Lazy computation of items in list until required element is found


I am trying to get my head around making this requirement as efficient as possible, because it is part of a combinatorial problem solver, so every little bit helps in the grand scheme of things.

Lets say I have a list of elements, in this case called transitions.

val possibleTransitions : List[Transition] = List[...] //coming from somewhere

I want to perform an (somewhat expensive) computation on each transition, to obtain another object, in this case called a State.

The natural way for me to do it is using a for-comprehension or a map. The former for me is more convenient because I want to filter out a few irrelevant State objects, such as those which were already processed earlier.

val newStates = for {
     transition <- possibleTransitions
     state <- computeExpensiveOperation(transition)
     if (confirmNewState(state))
} yield state

State contains a value, lets call it value(), which indicates some kind of attractiveness of that state. If the value() is very low (attractive) I want to discard the rest of the list and use that. Since possibleTransitions could be a very long list (thousands), ideally I avoid doing that computeExpensiveOperation if for example the first State object already has the value() I want.

On the other hand, if I don't find any item with an attractive value() I want to keep all of them and add them to another list.

val newPending = pending ++ newStates

I was trying to use a Stream for this, to avoid computing all the values before processing them. If I use find() and I don't find the required item then I won't be able to get the items in the stream (since its use-once).

The only thing I can see possible at the moment is to use possibleItems.toStream() in the for-comprehension and create another collection, iterating through each item one by one until either I find the item (and discard the collection) or no (and use the collection with all items).

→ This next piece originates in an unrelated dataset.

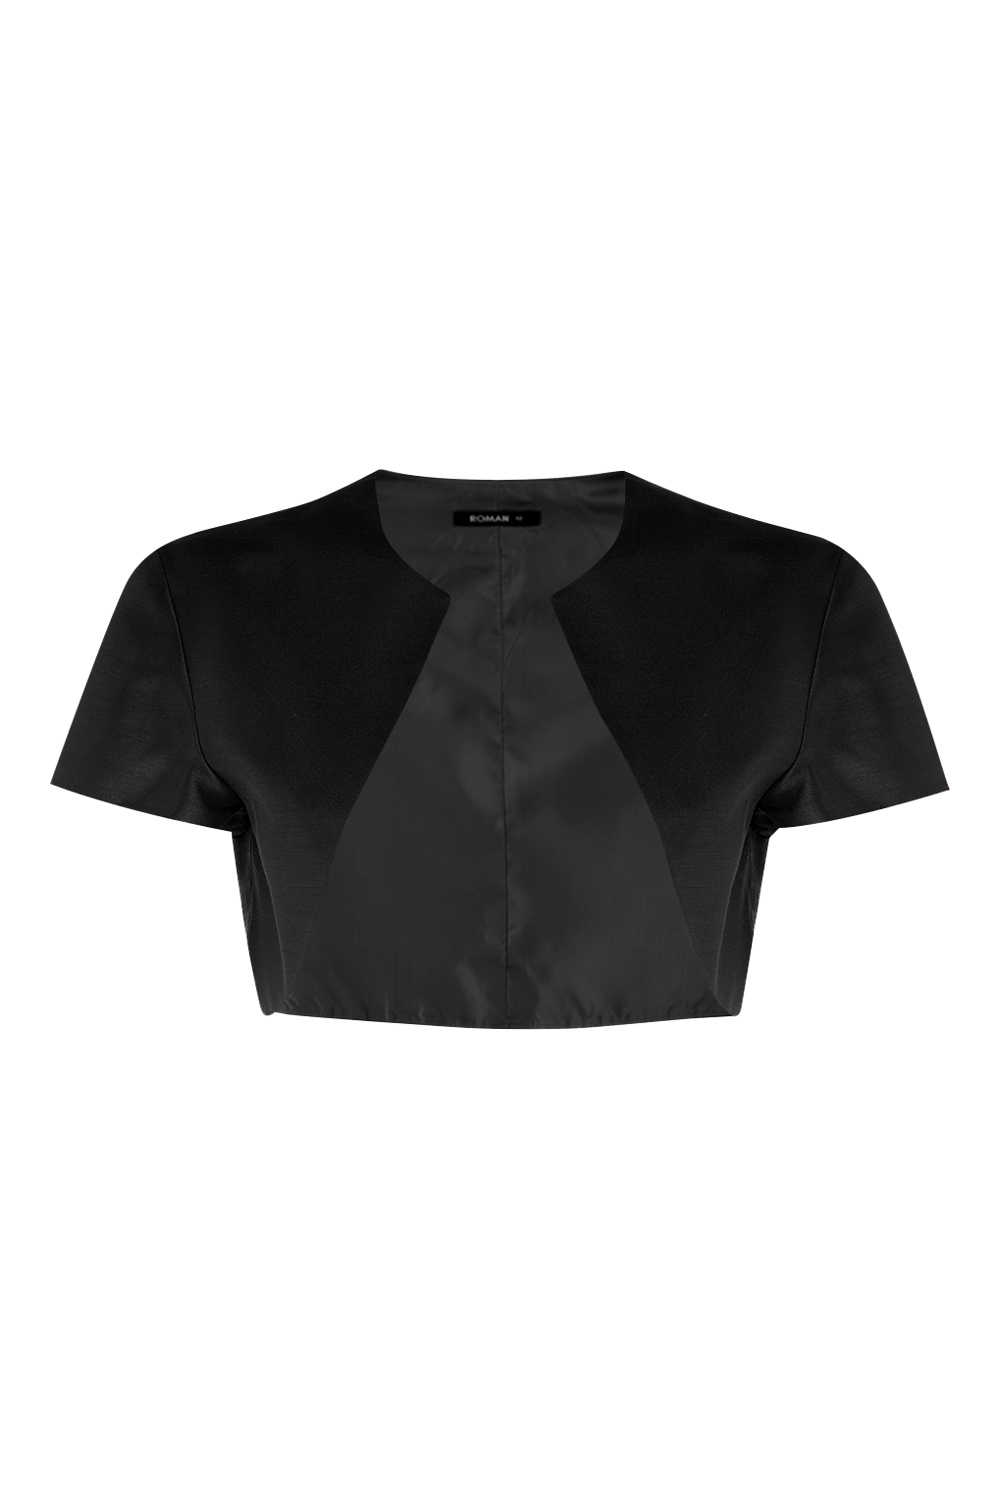 Black Short Sleeve Bolero, Image 4 of 4

Am I missing some smarter more efficient way to do this?


Solution

  • I would use lazy views and convert them to a stream to cache the intermediate result, then you can get the information you need:

    val newStates = for {
         transition <- possibleTransitions.view
         state <- computeExpensiveOperation(transition)
         if (confirmNewState(state))
    } yield state
    val newStatesStream = newStates.toStream // cache results
    
    val attractive = newStatesStream.find(isAttractive(_))
    attractive match {
      case Some(a) => // do whatever
      case None => {
        val newPending = pending ++ newStatesSteam
      }
    }
    

    As the stream is lazy it will only be computed until the first element is found in the line with val attractive. If there is no attractive element the complete stream will be computed and cached and None will be returned.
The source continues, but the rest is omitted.